Thursday, October 18, 2007

Nate Fisher Speaks Out

Suggesting that his school administration completely sold him out while also saying that he made an honest mistake in giving a student Daniel Clowes' Eightball #22 to read, former Guilford High School (Connecticut) English Teacher Nate Fisher is finally speaking about the incident that garnered national attention.

He says he remembered reading the book in a graphic novel class taken at UConn. As someone who teaches both "graphic novels as literature" and "graphic novels as Young Adult literature" courses, my guess is that he took a course more similar to the former than the latter.

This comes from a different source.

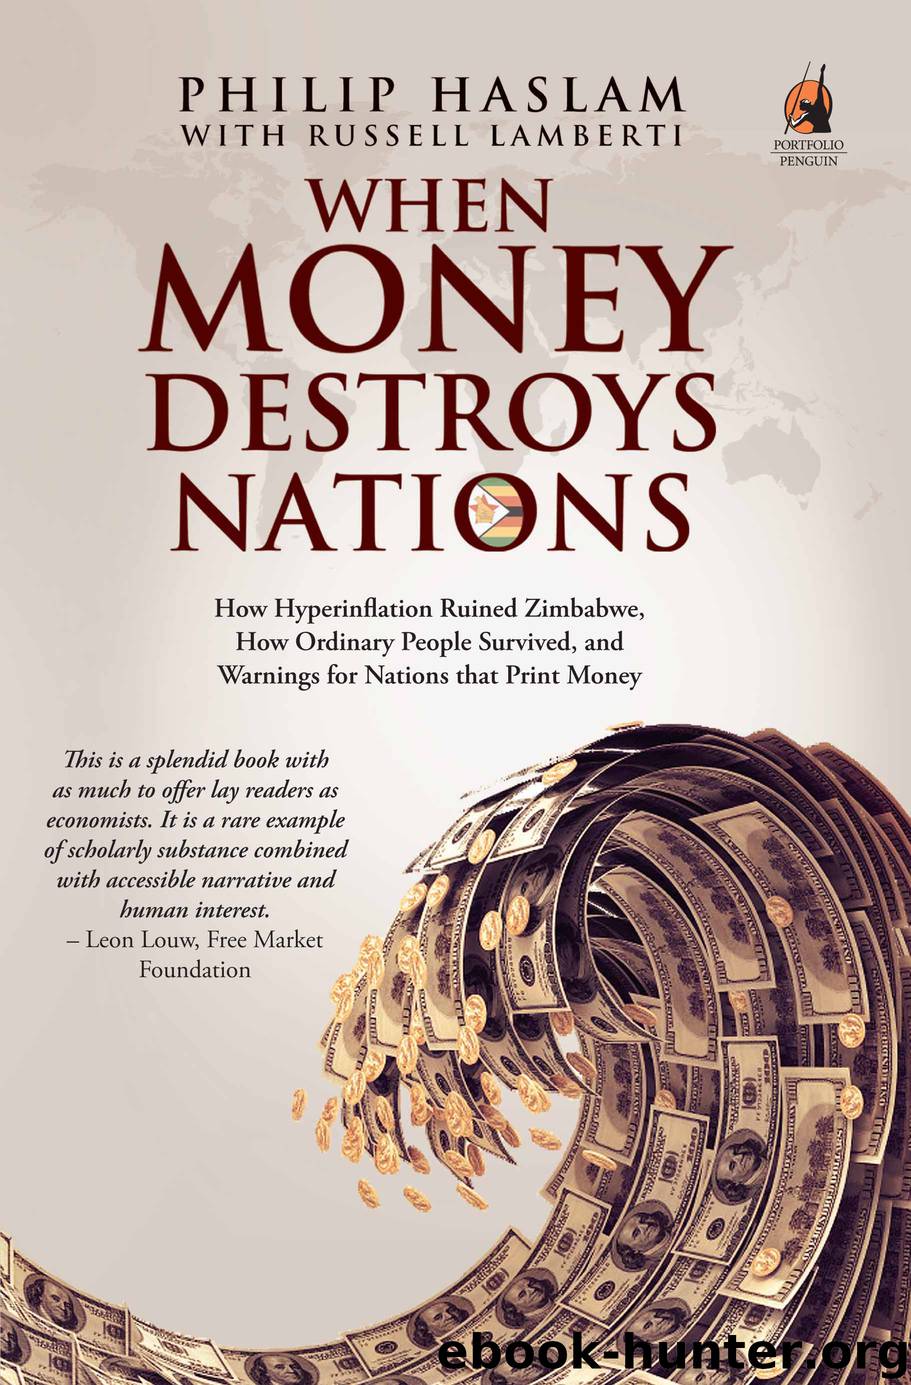 When Money Destroys Nations by Philip Haslam

I can't help but think what graphic novels might be in his class if he had been able to take a pedagogically-centered graphic novel course in college, though. If he'd been a student in my class, he probably wouldn't have read Eightball, but he would have read Will Eisner's A Contract With God and Brian K. Vaughn's Pride of Baghdad. He would have learned not to shy away from challenging material and how to protect himself and his students' intellectual freedoms as well.

Perhaps teacher educators need to give the graphic novel more attention in their methods and YA lit classes. I know of many college-level graphic novel classes, but I know of no graphic novel-themed education classes besides the one I taught last summer and may teach again this summer. I wonder if Mr. Fisher would have taken such a class, and if he had, if he would have still included the Clowes book in his classroom...

At any rate, here's hoping that Mr. Fisher is able to find employment as a teacher once again and also that his experience with overzealous parents and sadly typical administrators and central office personnel hasn't turned him off of graphic novels for good.

Friday, October 05, 2007

Me, Iowa, October 2008!


The Iowa Council of Teachers of English has asked me to be a keynote speaker at their 2008 convention! Wow! It's a real honor, especially since John Golden will be another keynote presenter. ICTE and I are in talks right now, so I'll post more later, but how fun to have this to look forward to, and how exciting that ICTE is this interested in using sequential art narratives in the classroom!!!! Having spent so much time in Mississippi lately, it was refreshing to see folks receptive to my work and ideas.